Young minds do not really know where a road will lead them until they take the road. There are no guarantees. Wrong decisions are always at hindsight. Had you known that you were making a wrong decision, would you have gone along with it? Perhaps not, why would you choose a certain path when you know it would get you lost? Just like any road, there are corners, detours, and crossroads in life. Perhaps the most perplexing road that you would encounter is a crossroad. With four roads to choose from and with limited knowledge on where you should go, which road will you take? What is the guarantee that you would choose the right road?

Students come across such a crossroads when they have to select courses to study. They are given the power to choose what they want to study. It’s time for them to make some decisions. Many questions and concerns run through their heads. It feels daunting to many.

Life is like a multiple choice question. Sometimes the choices confuse you, not the question. You are free to make whatever choice you want, but you are not free from the consequences of the choice.

It is important to choose subjects carefully as the decisions may affect not only the types of careers that students can follow later, but also their success and feelings about school. Even though there are many factors to consider, choosing the course of study can be made easier if students go about the task logically. There is this elusive balance everyone looks out for. That is the age-old question of whether you should follow your head or your heart while choosing a subject.

What do students think of when they select a subject? I have heard students say that they have opted for a subject as they can score marks in that subject! It is important for the students to “know themselves” — not in the sense of knowing how much they are capable of scoring in an exam. They should know their own strengths and weaknesses. Students should realise that years after choosing the subject, marks will appear insignificant to them. A person is not defined just by the marks. There are many attributes that are needed for future success — attributes like hard work, persistence, determination, passion, drive, creative thinking and risk-taking. Employability is very different from being good grades and employers look for skills not just marks.

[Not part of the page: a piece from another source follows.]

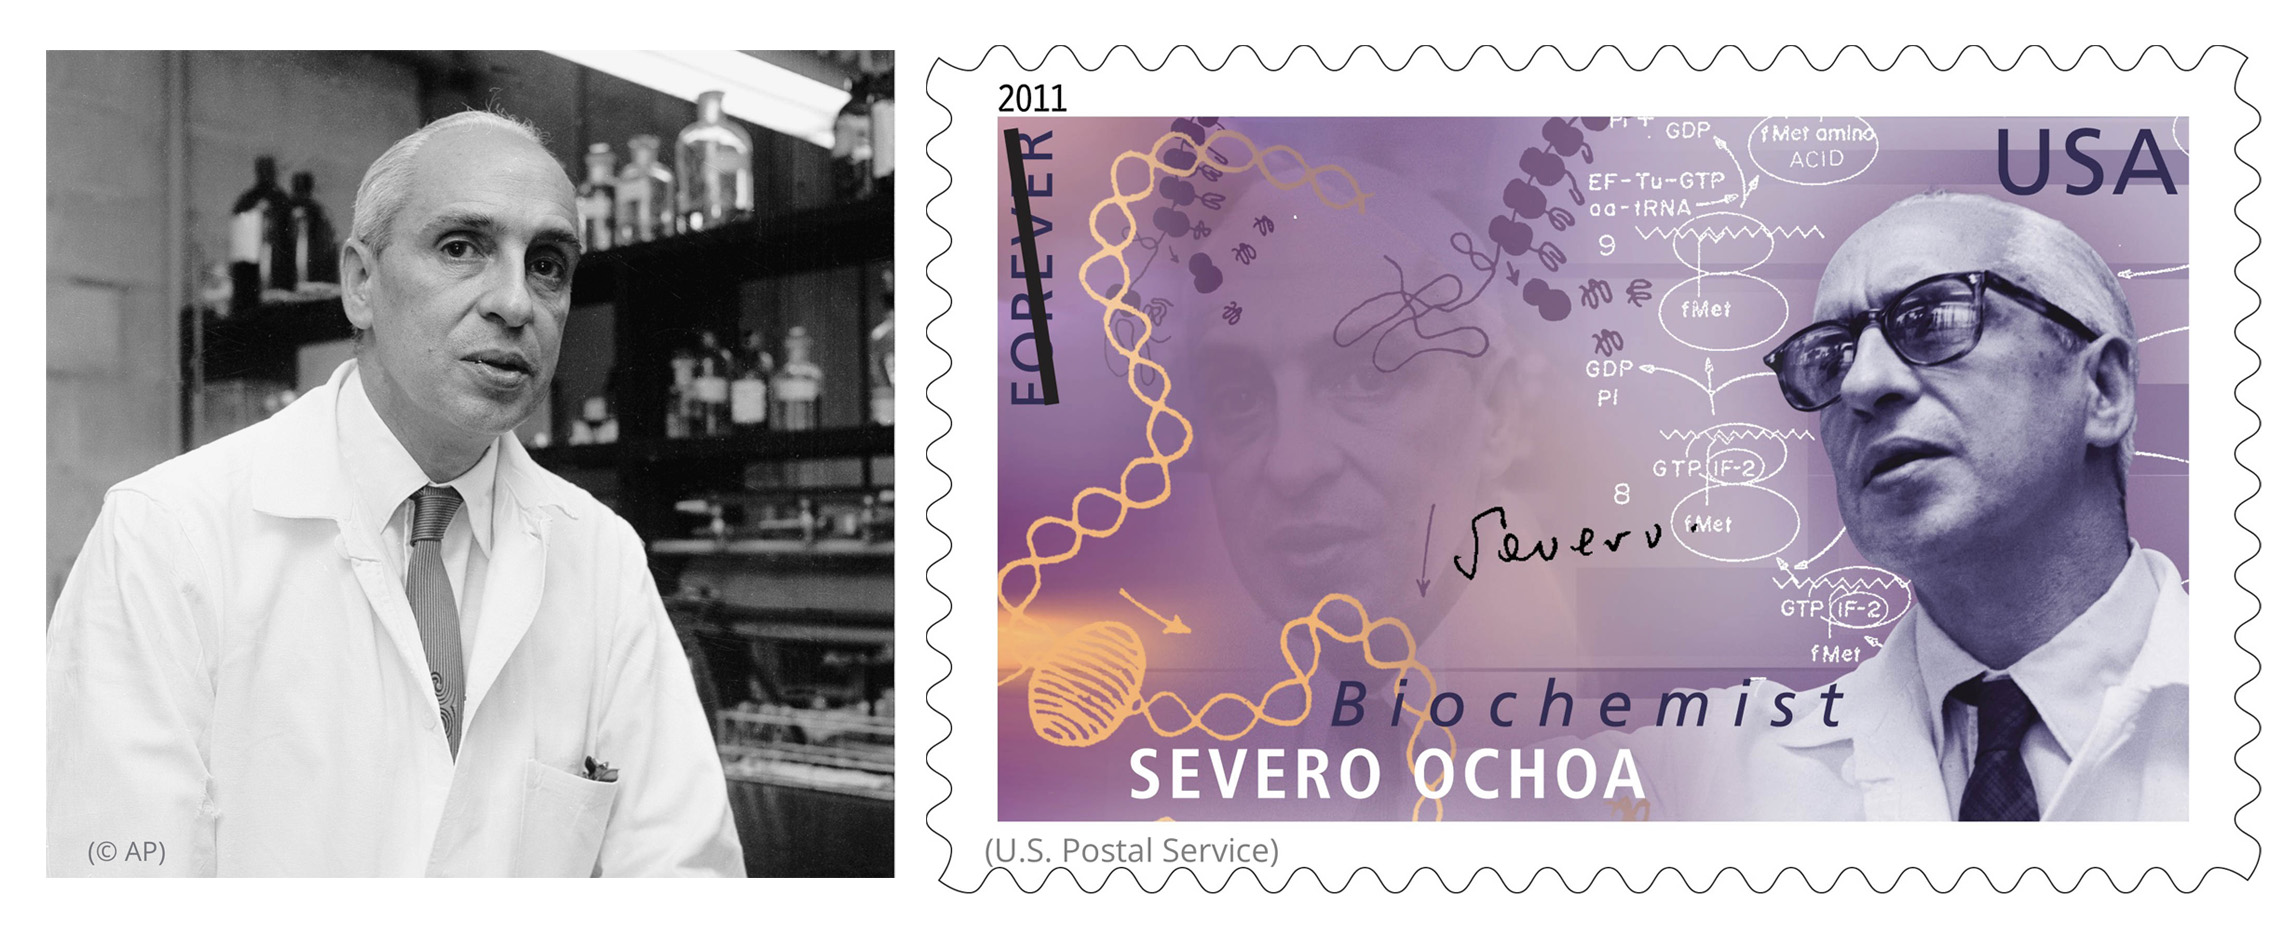 Left photo: Man wearing lab coat (© AP) Right image: Severo Ochoa stamp (U.S. Postal Service)

I have also heard students say that they do not love their subject. All they care about is job prospects. It would enable them to get a “good job”. We are asking students to make a choice at the age of 14 or 15 when they are in the 10th grade. At this age how likely are you to know that for the next 60 years this is all you want to do? The reason why this becomes a throttle is because this ends up being the only road you can walk on and the colleges you choose to study at are also only those that this road allows! You are forced to take those colleges and you can only study what they offer. After having studied that you can only work at what those subjects teach you, no other and if after doing your engineering you decide to sell soap, you are called a wastrel.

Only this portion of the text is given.